Thank you in advance

2023-08-25T10:51:54Z UTC - mysqld got signal 11 ;
Most likely, you have hit a bug, but this error can also be caused by malfunctioning hardware.
BuildID[sha1]=7712c421dbb5f98622a8ada6b288d73ab447e90a
Server Version: 8.0.33-25 Percona Server (GPL), Release '25', Revision '60c9e2c5'

Thread pointer: 0x7f82c9dee050
Attempting backtrace. You can use the following information to find out
where mysqld died. If you see no messages after this, something went
terribly wrong...
stack_bottom = 7f8b9c110c20 thread_stack 0x100000
/usr/sbin/mysqld(my_print_stacktrace(unsigned char const*, unsigned long)+0x2e) [0x558d672b8b9e]

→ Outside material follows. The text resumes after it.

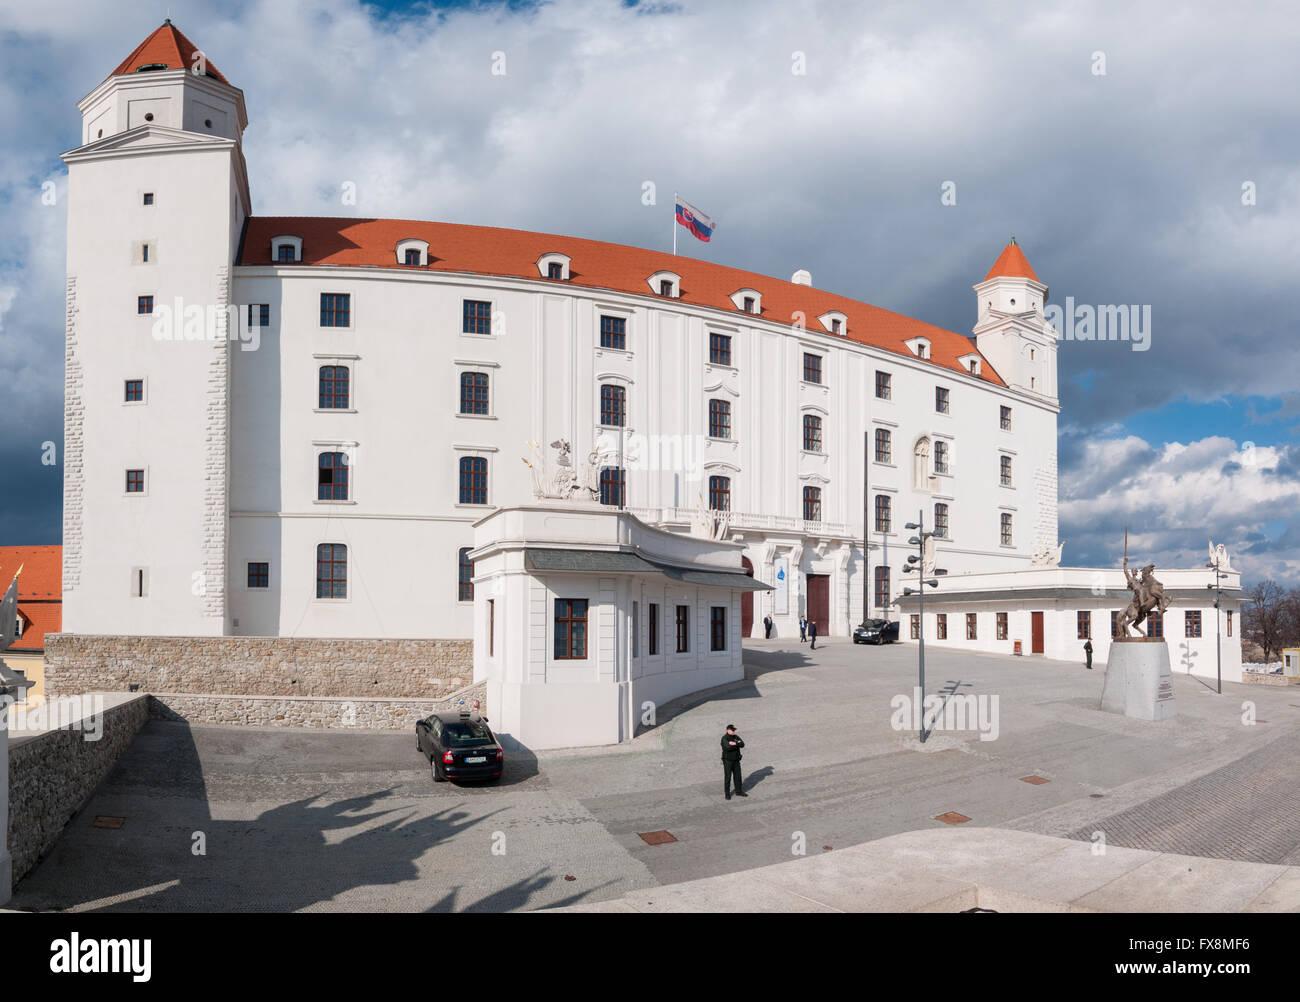 Bratislava Castle, Slovakia - Stock Image

/usr/sbin/mysqld(print_fatal_signal(int)+0x38b) [0x558d663d403b]
/usr/sbin/mysqld(handle_fatal_signal+0xc5) [0x558d663d4105]
/lib/x86_64-linux-gnu/libpthread.so.0(+0x13140) [0x7f8f866e3140]

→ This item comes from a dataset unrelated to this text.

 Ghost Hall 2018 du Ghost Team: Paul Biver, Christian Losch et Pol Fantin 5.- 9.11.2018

/usr/sbin/mysqld(find_type2(TYPELIB const*, char const*, unsigned long, CHARSET_INFO const*)+0x25) [0x558d66357275]
/usr/sbin/mysqld(Field_enum::store(char const*, unsigned long, CHARSET_INFO const*)+0xaf) [0x558d664c1d0f]
/usr/sbin/mysqld(Item::save_in_field(Field*, bool)+0x53) [0x558d65f9add3]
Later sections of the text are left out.